SUPPLIED INFORMATION —

****************************************

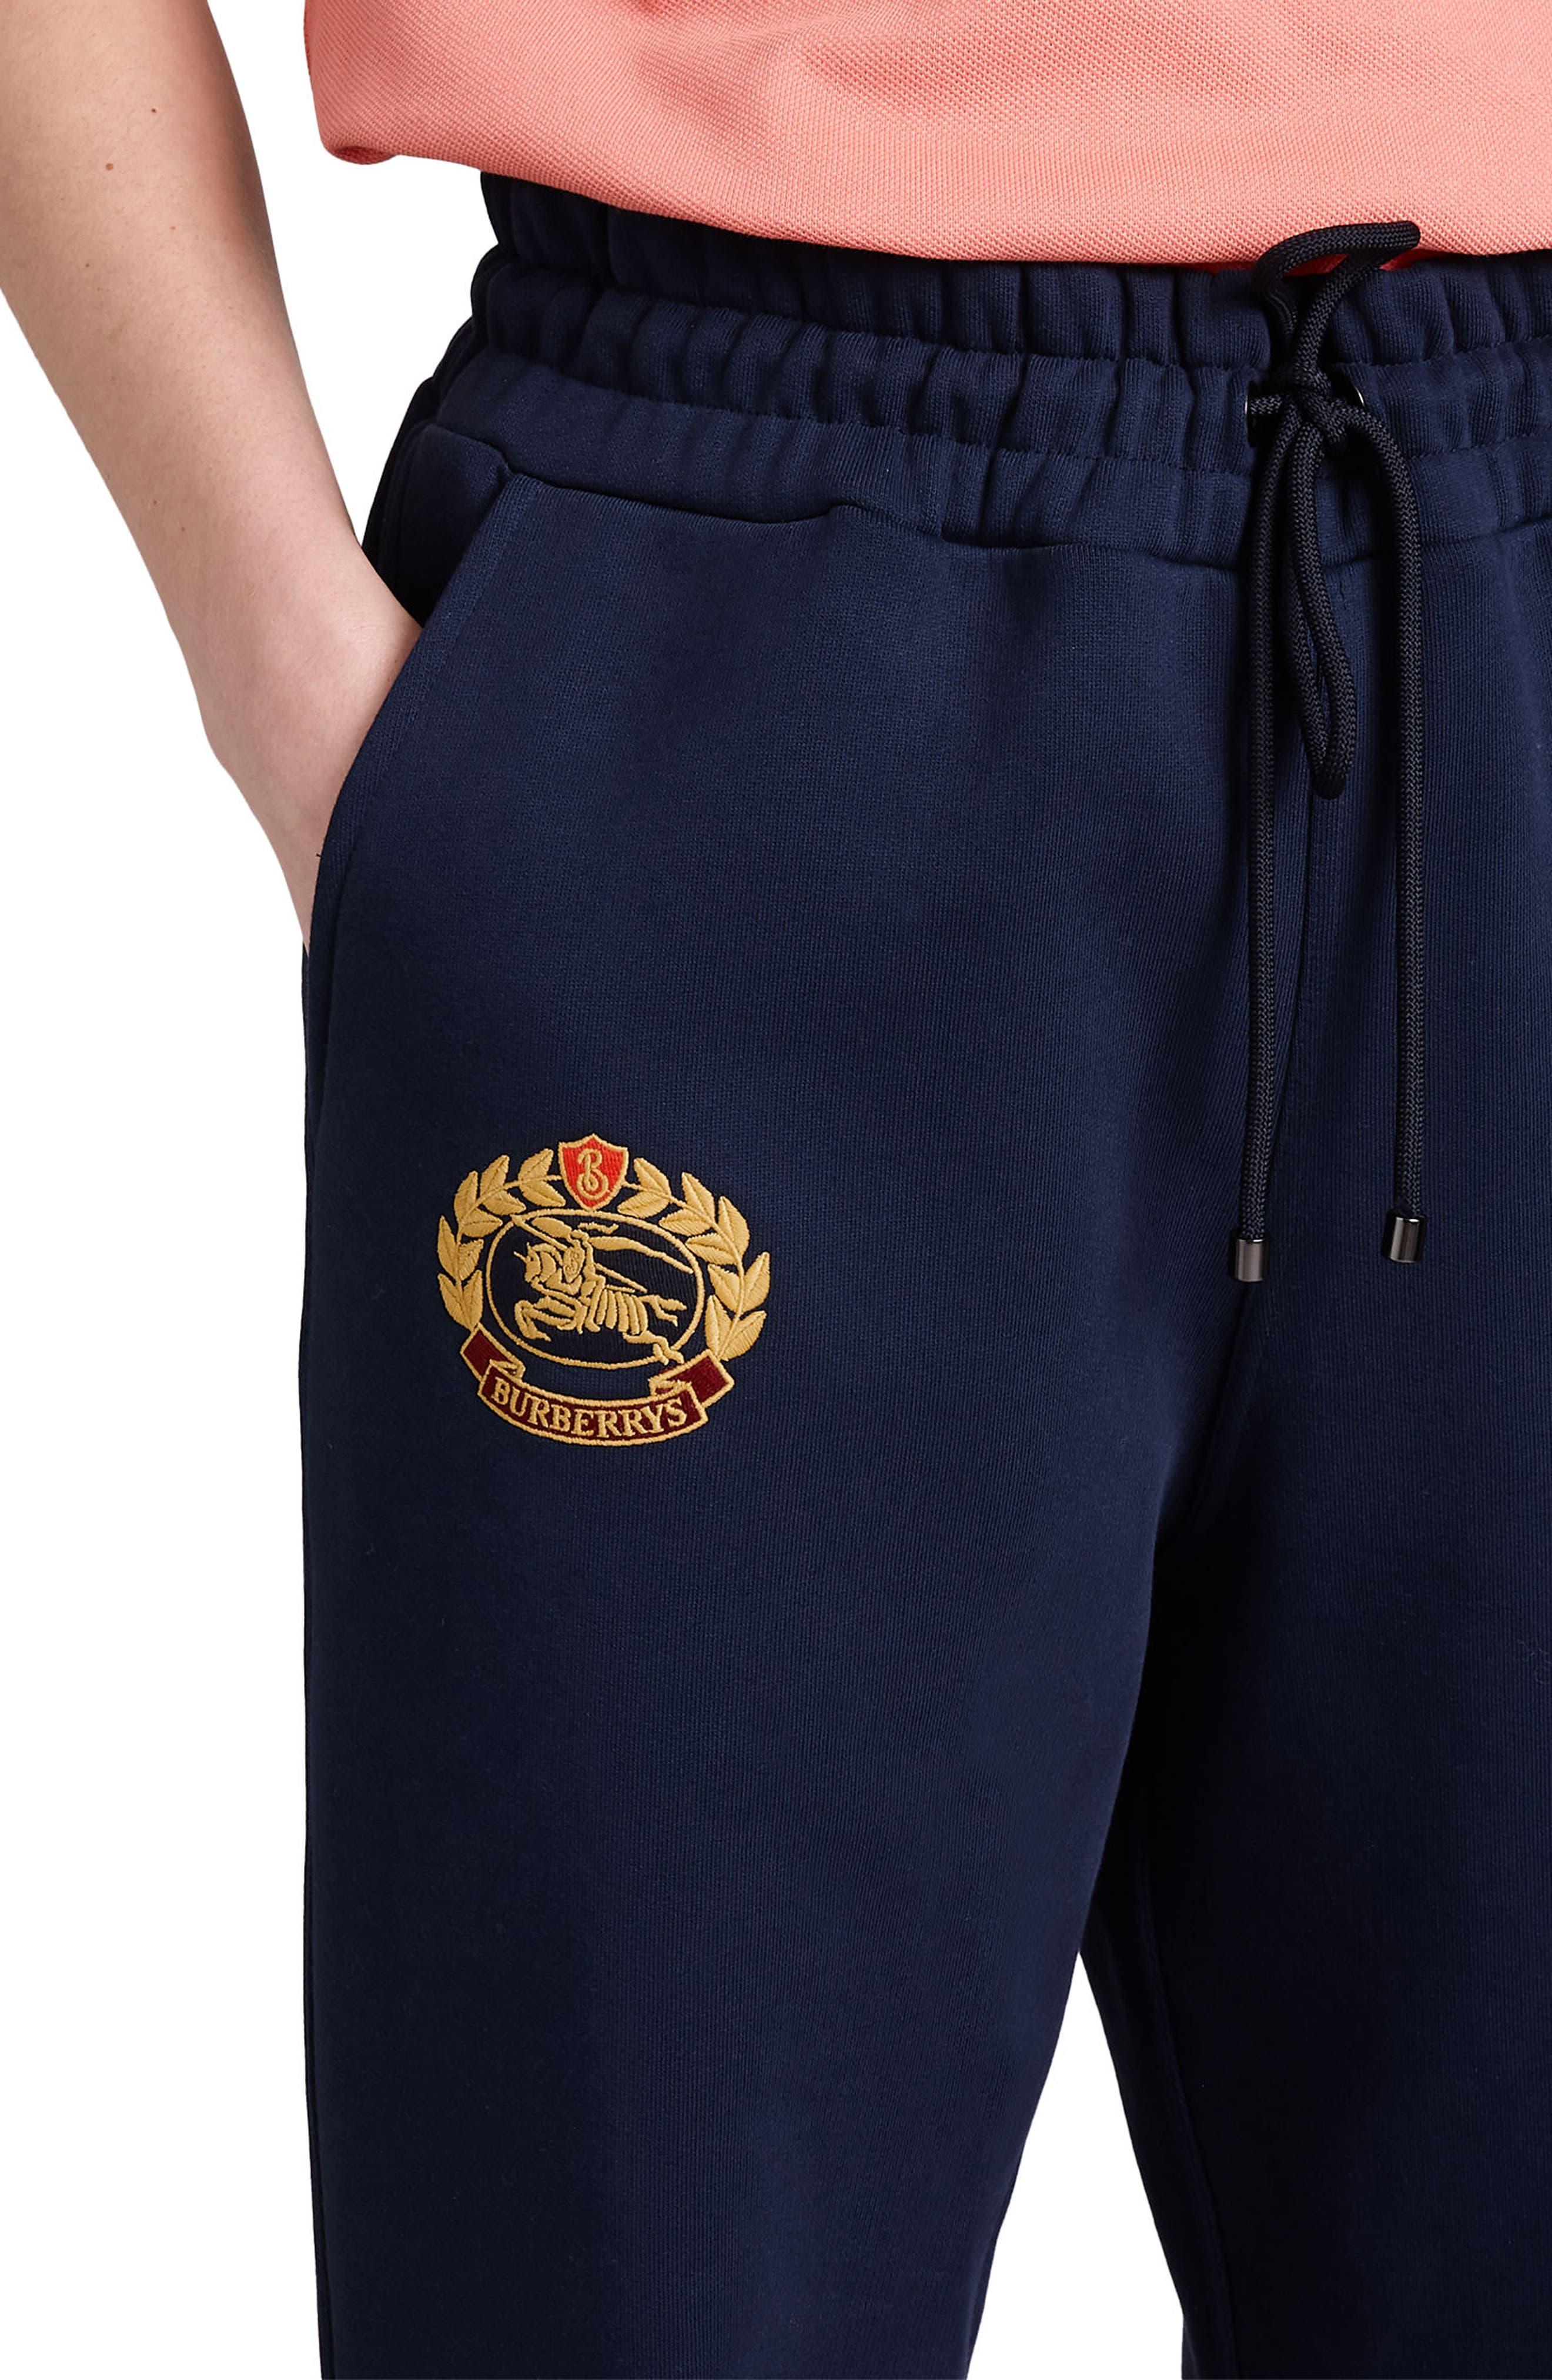 Vintage Crest Sweatpants,                             Alternate thumbnail 3, color,                             401
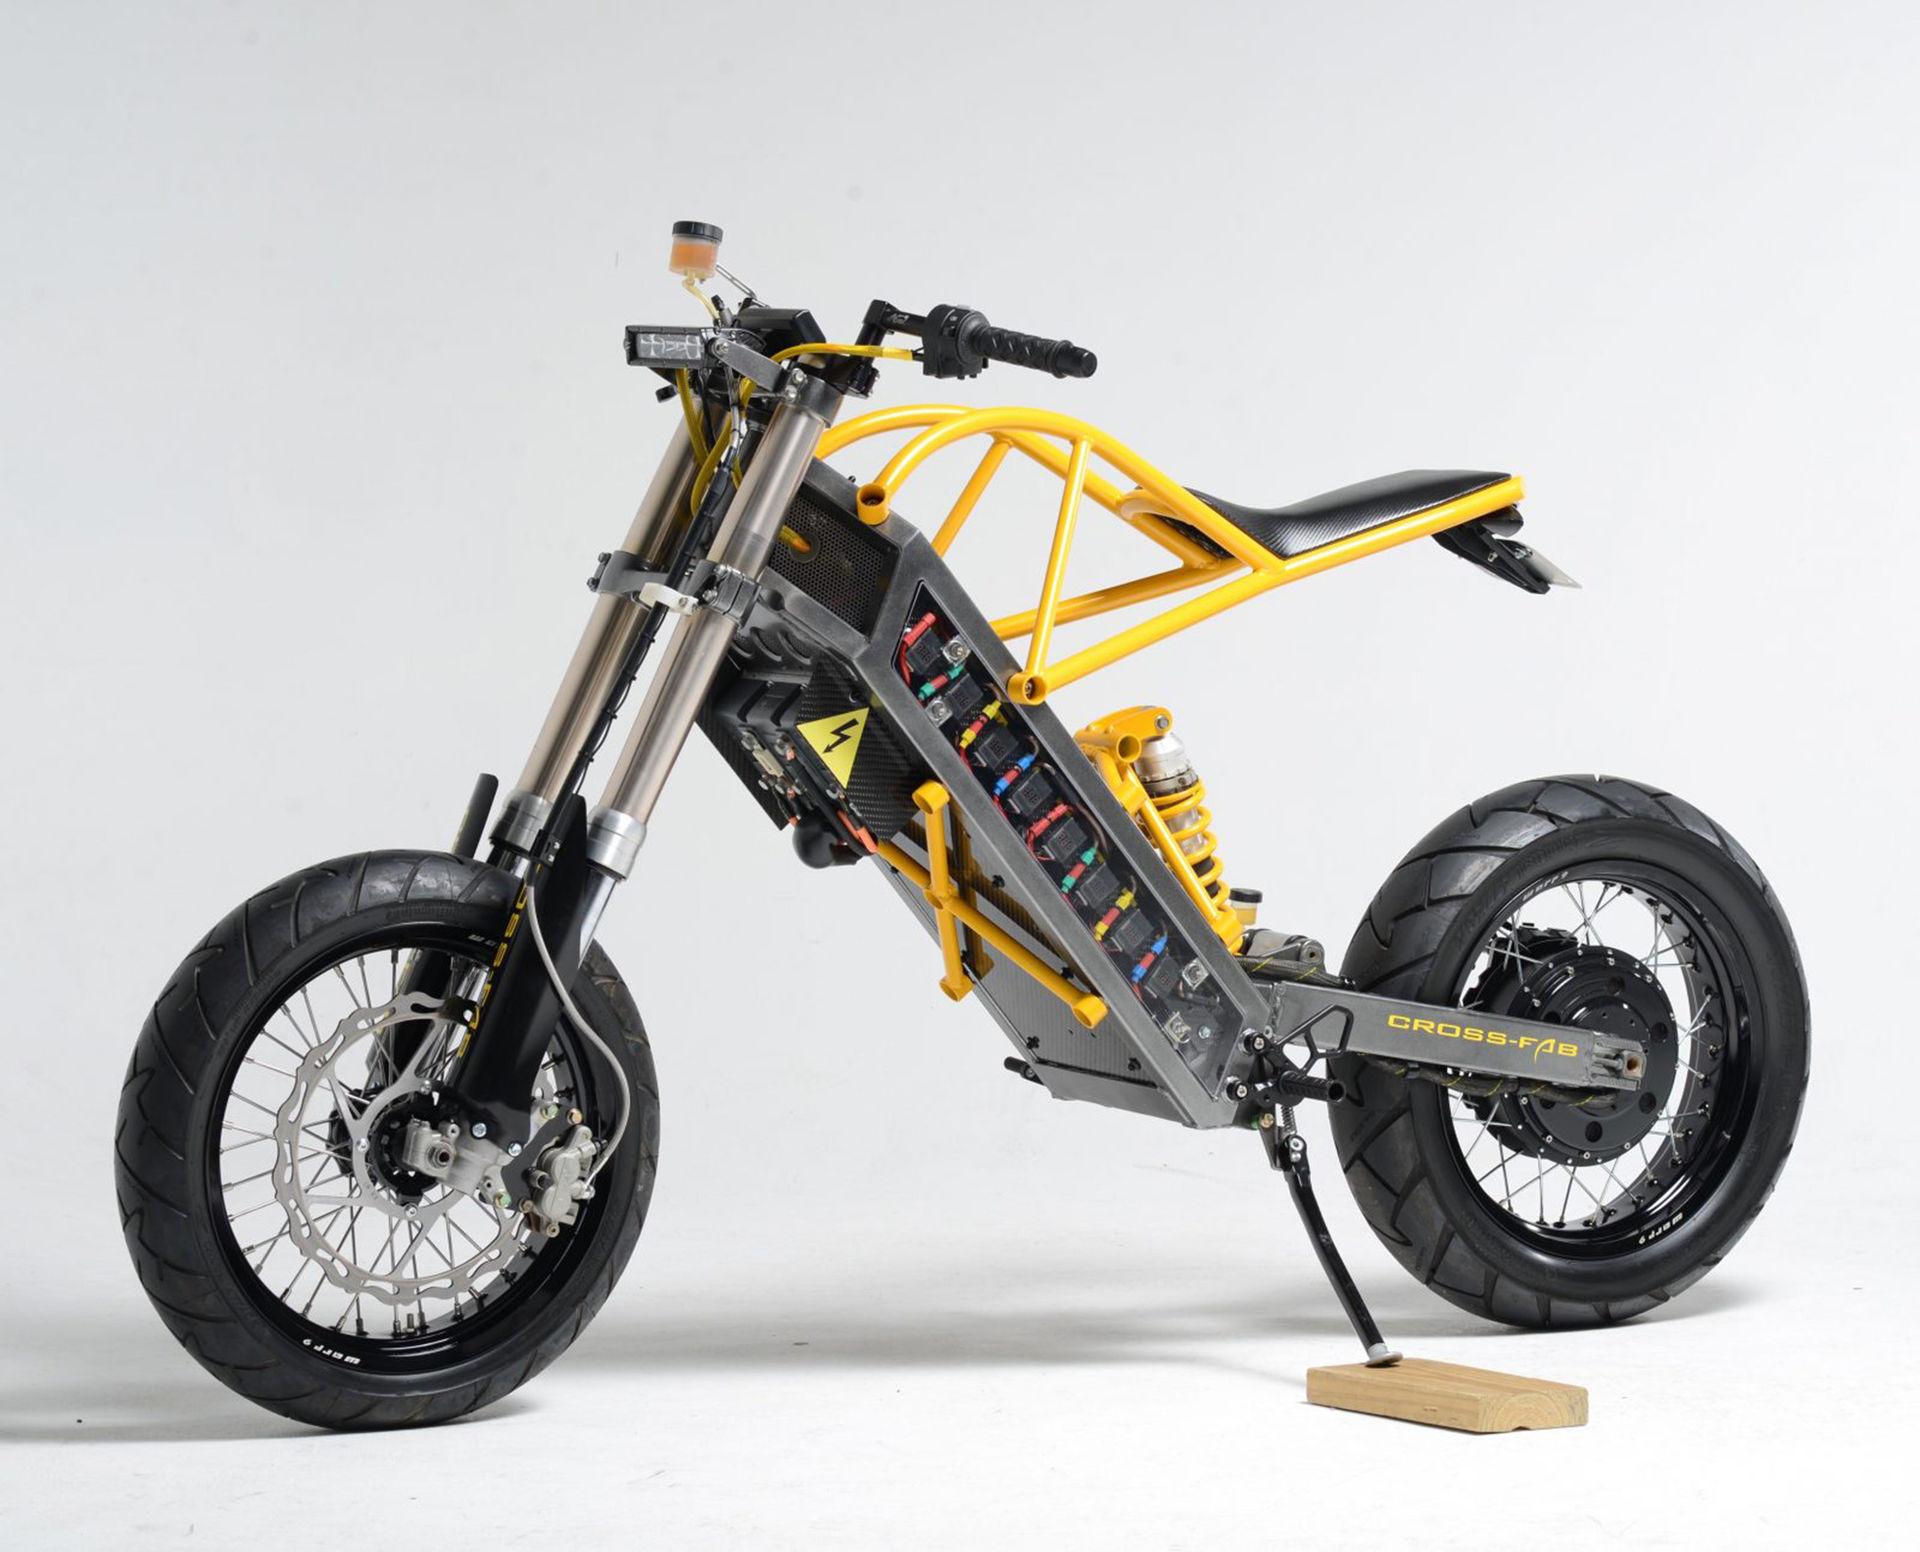 Elektrisk motorcykel framtagen av veterinär
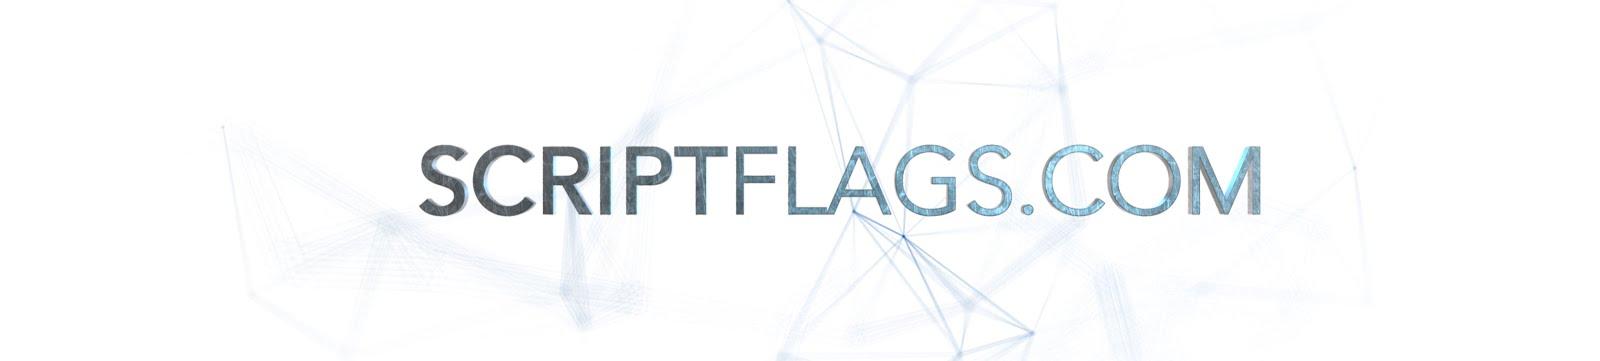 Scriptflags.com

****************************************

WHAT YOU HAVE TO DO — Produce a verbatim transcription of every line in the listing, images omitted.

TASK OUTPUT —
 Vintage Crest Sweatpants,                             Alternate thumbnail 3, color,                             401
 Elektrisk motorcykel framtagen av veterinär
 Scriptflags.com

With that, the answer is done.